Sign of pearson correlation with negative regression coefficient I want to obtain the pearson correlation of "experienced disfluency" and "narrative engagement" from the attached unstandardized coefficients for my meta-analysis.  The paper is from Walter, N., Bilandzic, H., Schwarz, N., & Brooks, J. J. (2021). Metacognitive approach to narrative persuasion: The desirable and undesirable consequences of narrative disfluency. Media Psychology, 24(5), 713-739.
Given that the R square is listed as .23 and the regression coefficient is in negative sign (-.34).  The pearson correlation would then be -.48 (.48 is the square root of R square .23).  Correct?

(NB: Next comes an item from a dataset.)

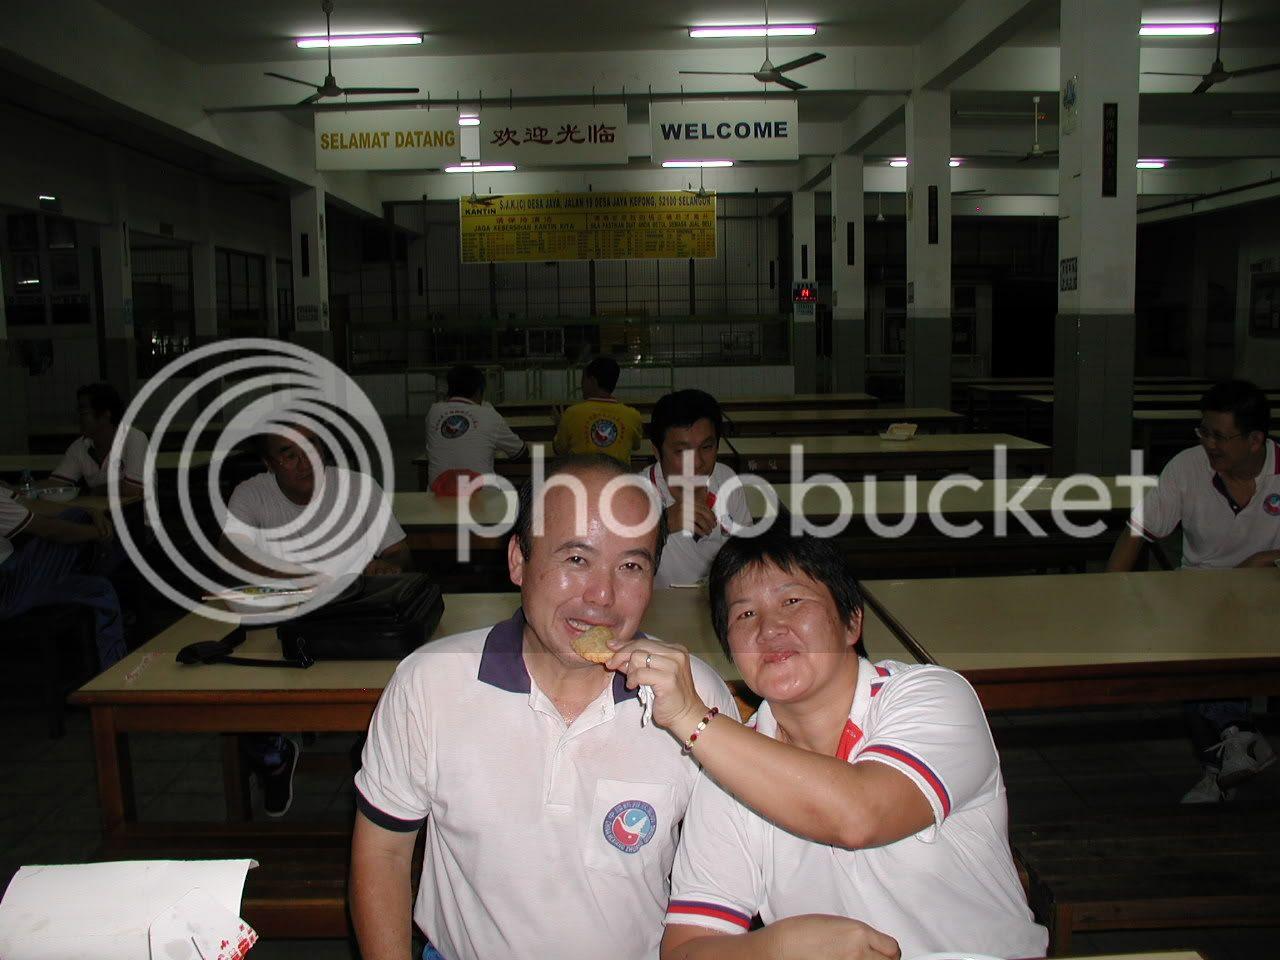 吉隆玻甲洞帝沙鹤功輔導站 Cscq Kepong Station Kuala Lumpur August 2006

Also, to double check, the calculation of disfluency in this paper actually use the reverse code of fluency scale.  And since my meta-analysis is about the relationship between narrative engagement and fluency (not disfluency).  The ultimate pearson correlation I should go with should be .48.   Am I on the right track?
Many thanks for the help.

 A: The way you have proposed dealing with signs and their reversal sounds fine to me.
It is hard to know how best to obtain any particular correlation coefficient (r) from the diagram’s r-squareds, which to me are not clearly labeled as to what variables are referred to in each case.  Also, usually one uses r-squared to describe the ability of an entire model – not an individual predictor -- to account for variance in an outcome.
In addition, presumably the coefficients listed in the diagram apply after controlling for (adjusting for, or partialing out) other predictors in the model.  Partial r and zero-order (bivariate) r are not the same!
Then again, I cannot tell exactly what procedure was used here.  In what I have seen online, the full article costs $50.  The abstract (e.g., https://www.tandfonline.com/doi/abs/10.1080/15213269.2020.1789477?journalCode=hmep20) defies convention for quantitative articles in that it does not reveal what statistical methods were used to address any research questions.
Beyond that, the abstract sounds uncomfortably like output from the Postmodern Generator (https://www.elsewhere.org/pomo/).  I don’t feel highly optimistic that, before drawing their quantitative conclusions, Walter, Bilandzic, Schwarz and Brooks paid close attention to the validity and reliability of their variables or to the assumptions behind the multivariate procedure they seem to have used.